■ PROBLEM TO WORK ON ■
Repeat nothing but the lines below running from the one containing "Style - Orange Gold Tone Bangle Bracelet" to the one containing "The entrance to the". Keep both end lines.
**** INPUT RECORDS ****
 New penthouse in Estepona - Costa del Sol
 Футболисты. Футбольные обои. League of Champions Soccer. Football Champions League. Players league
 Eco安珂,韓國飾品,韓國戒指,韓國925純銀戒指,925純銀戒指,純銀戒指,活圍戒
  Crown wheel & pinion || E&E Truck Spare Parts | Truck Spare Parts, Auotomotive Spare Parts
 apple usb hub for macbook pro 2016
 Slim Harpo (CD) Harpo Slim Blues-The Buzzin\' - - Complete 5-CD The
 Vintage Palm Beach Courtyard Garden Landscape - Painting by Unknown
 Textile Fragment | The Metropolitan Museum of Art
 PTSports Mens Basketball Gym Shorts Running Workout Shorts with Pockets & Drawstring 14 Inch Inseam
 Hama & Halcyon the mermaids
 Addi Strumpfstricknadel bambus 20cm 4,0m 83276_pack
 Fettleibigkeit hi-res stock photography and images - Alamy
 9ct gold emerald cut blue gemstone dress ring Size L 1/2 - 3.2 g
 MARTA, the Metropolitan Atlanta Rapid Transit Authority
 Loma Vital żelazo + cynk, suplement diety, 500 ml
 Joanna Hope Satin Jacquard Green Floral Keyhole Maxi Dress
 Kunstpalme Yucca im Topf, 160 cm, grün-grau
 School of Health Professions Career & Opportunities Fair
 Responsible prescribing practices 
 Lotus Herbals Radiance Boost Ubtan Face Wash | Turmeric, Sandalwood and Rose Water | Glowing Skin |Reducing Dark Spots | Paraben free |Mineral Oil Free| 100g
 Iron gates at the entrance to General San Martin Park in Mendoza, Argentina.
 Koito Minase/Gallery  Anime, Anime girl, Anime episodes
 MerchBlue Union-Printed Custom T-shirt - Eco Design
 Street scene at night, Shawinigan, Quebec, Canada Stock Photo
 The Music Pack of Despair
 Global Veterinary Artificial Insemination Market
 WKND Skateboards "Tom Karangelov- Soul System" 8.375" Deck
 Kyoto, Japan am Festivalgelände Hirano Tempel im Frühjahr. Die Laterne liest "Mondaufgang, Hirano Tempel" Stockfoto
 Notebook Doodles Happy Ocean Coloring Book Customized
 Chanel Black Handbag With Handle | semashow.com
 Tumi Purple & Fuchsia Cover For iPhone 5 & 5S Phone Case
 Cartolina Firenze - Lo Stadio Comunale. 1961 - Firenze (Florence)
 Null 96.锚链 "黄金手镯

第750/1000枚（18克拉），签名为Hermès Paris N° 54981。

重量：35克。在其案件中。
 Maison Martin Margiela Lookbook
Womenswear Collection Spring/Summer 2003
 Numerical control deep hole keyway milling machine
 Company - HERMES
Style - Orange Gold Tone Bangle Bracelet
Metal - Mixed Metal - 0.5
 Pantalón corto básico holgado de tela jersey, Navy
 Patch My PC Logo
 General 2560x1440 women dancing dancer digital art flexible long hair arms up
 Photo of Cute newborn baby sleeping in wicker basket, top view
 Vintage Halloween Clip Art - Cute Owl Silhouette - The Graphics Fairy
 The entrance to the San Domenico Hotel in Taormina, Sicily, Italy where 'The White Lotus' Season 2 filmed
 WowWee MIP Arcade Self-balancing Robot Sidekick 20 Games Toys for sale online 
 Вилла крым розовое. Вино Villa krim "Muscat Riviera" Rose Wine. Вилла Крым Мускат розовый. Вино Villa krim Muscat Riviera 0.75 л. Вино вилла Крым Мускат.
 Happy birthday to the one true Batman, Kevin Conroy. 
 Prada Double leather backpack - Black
****
■ OUTPUT OF THE TASK ■
Style - Orange Gold Tone Bangle Bracelet
Metal - Mixed Metal - 0.5
 Pantalón corto básico holgado de tela jersey, Navy
 Patch My PC Logo
 General 2560x1440 women dancing dancer digital art flexible long hair arms up
 Photo of Cute newborn baby sleeping in wicker basket, top view
 Vintage Halloween Clip Art - Cute Owl Silhouette - The Graphics Fairy
 The entrance to the San Domenico Hotel in Taormina, Sicily, Italy where 'The White Lotus' Season 2 filmed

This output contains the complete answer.